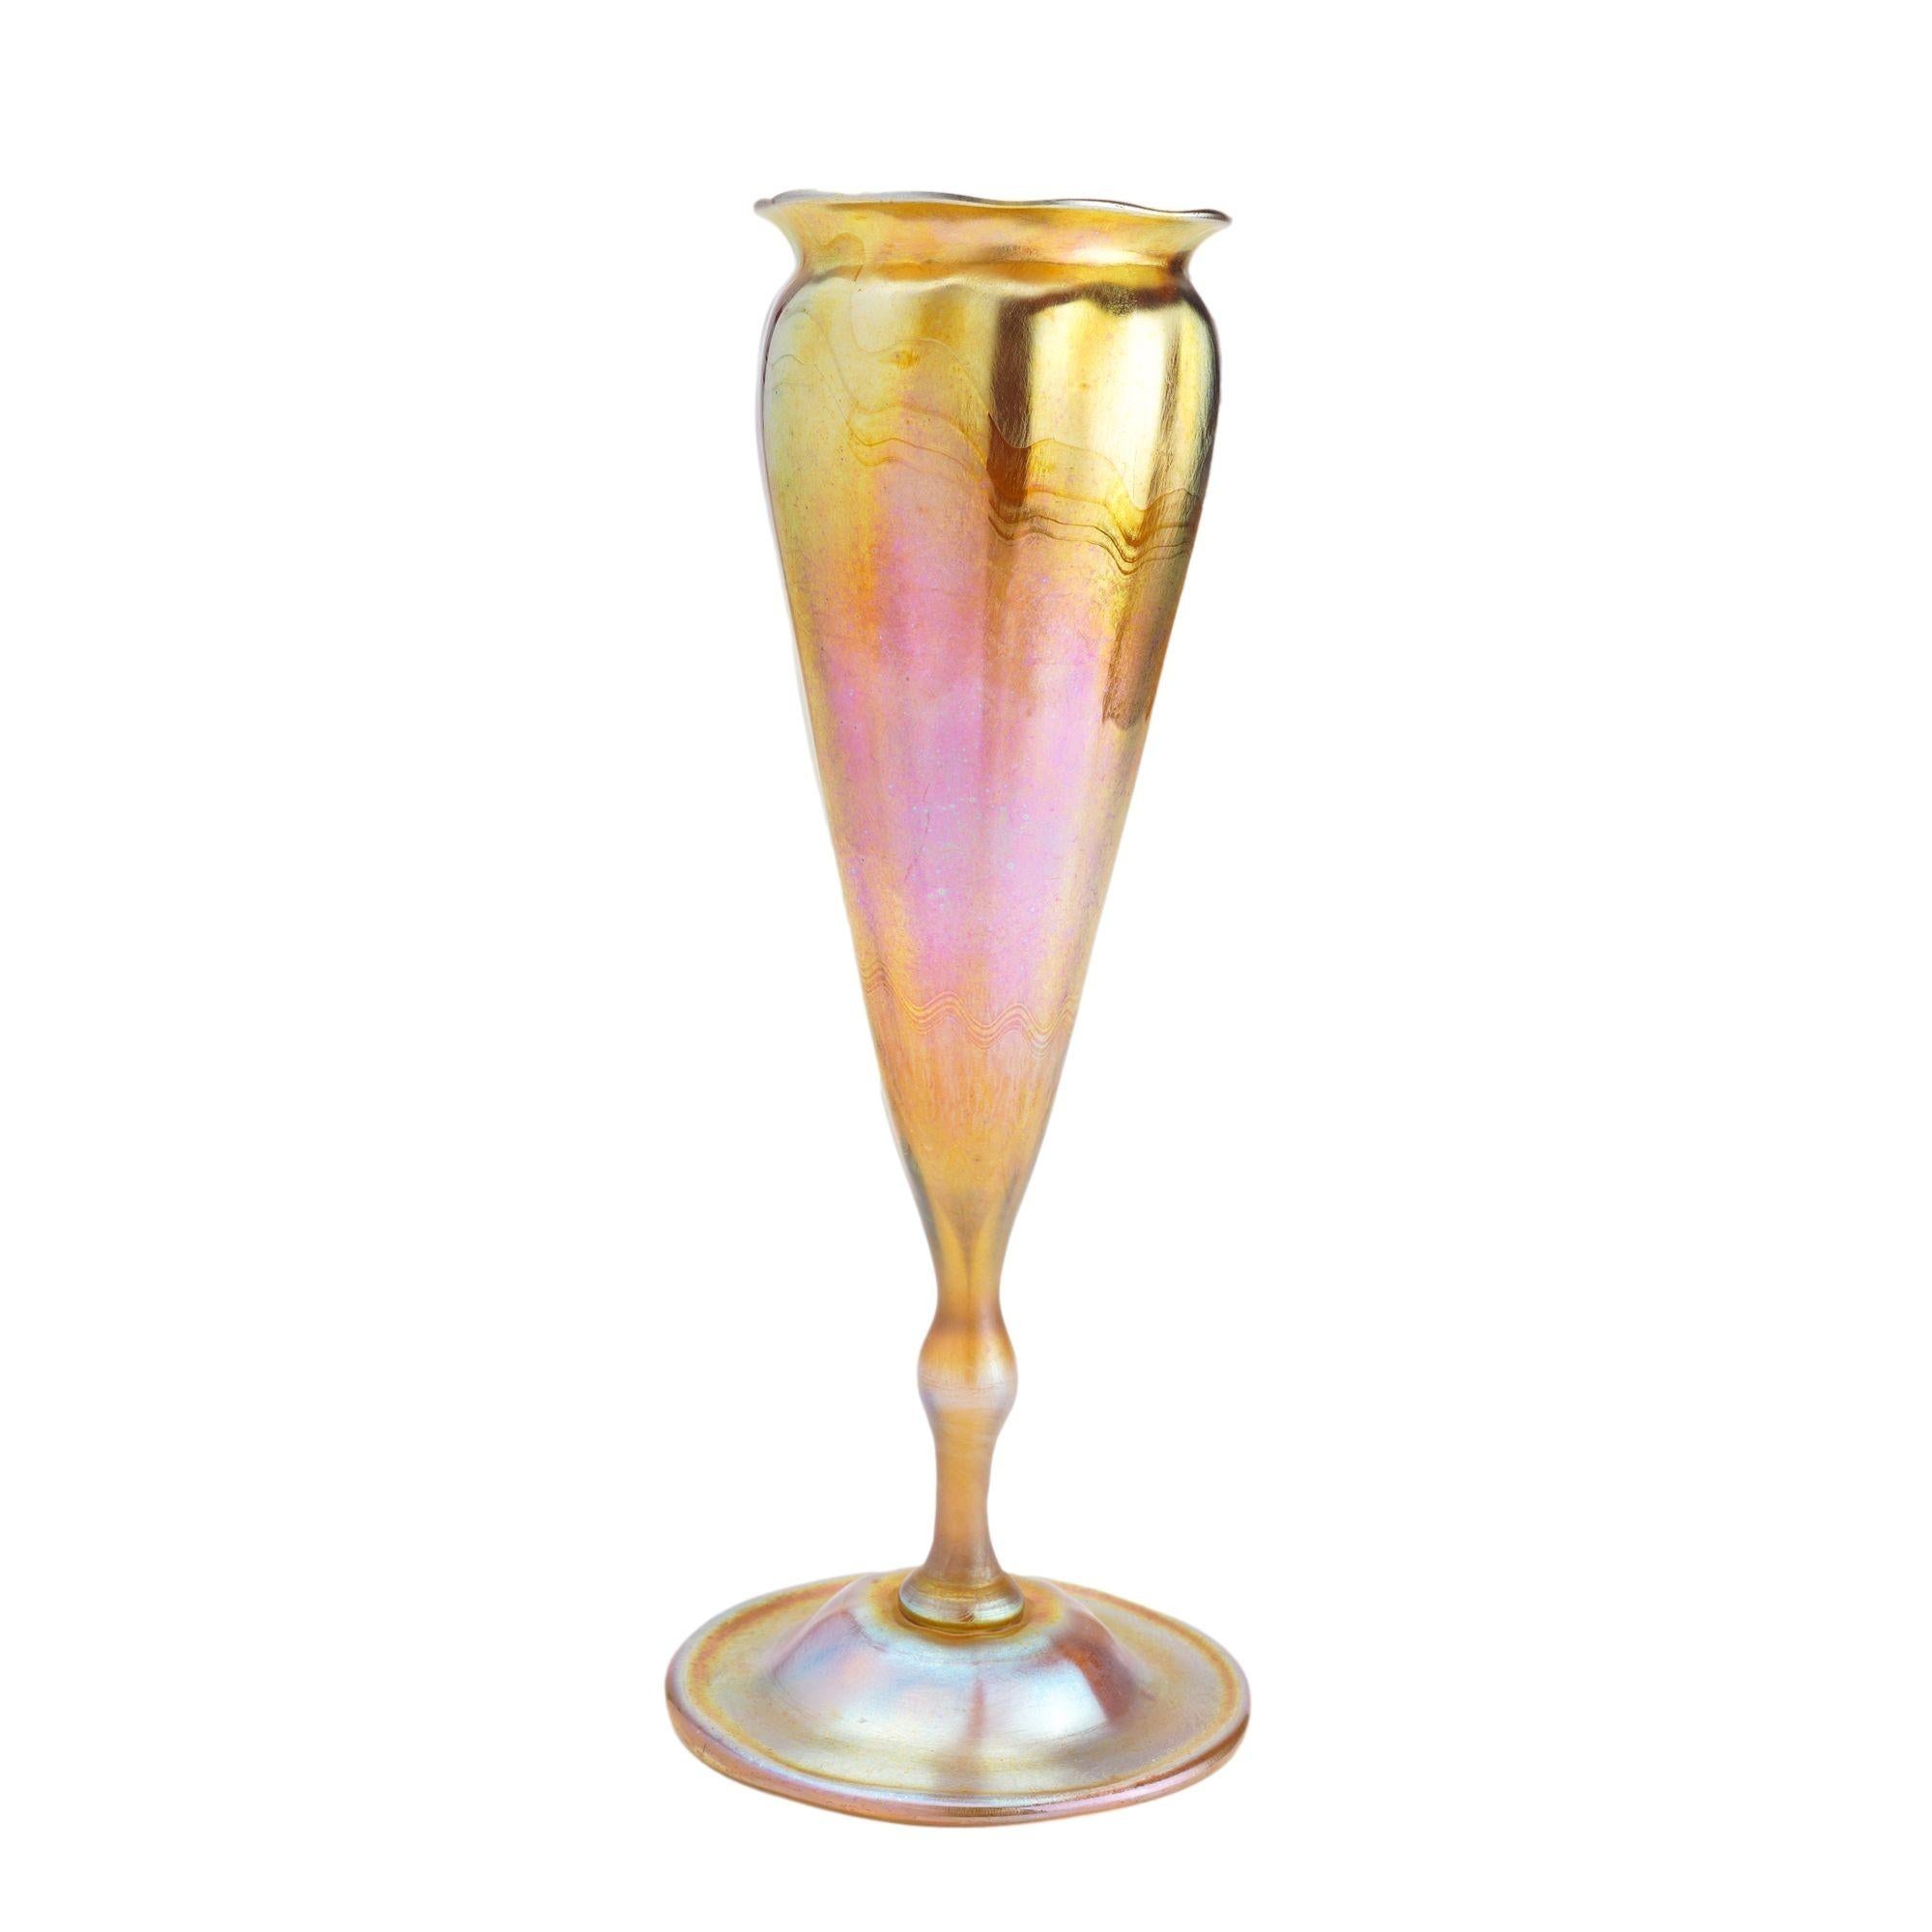 Tiffany Studio ribbed flora form iridescent gold Favrile blown glass vase.
Etched on the under foot: L.C.T.  8542A
American, Queens, New York, 1900.
-*-
### INSTRUCTIONS FOR THE TASK
Without including any picture, copy the listing above exactly and in full.

### OUTPUT OF THE TASK
 Tiffany Studio ribbed flora form iridescent gold Favrile blown glass vase.
Etched on the under foot: L.C.T.  8542A
American, Queens, New York, 1900.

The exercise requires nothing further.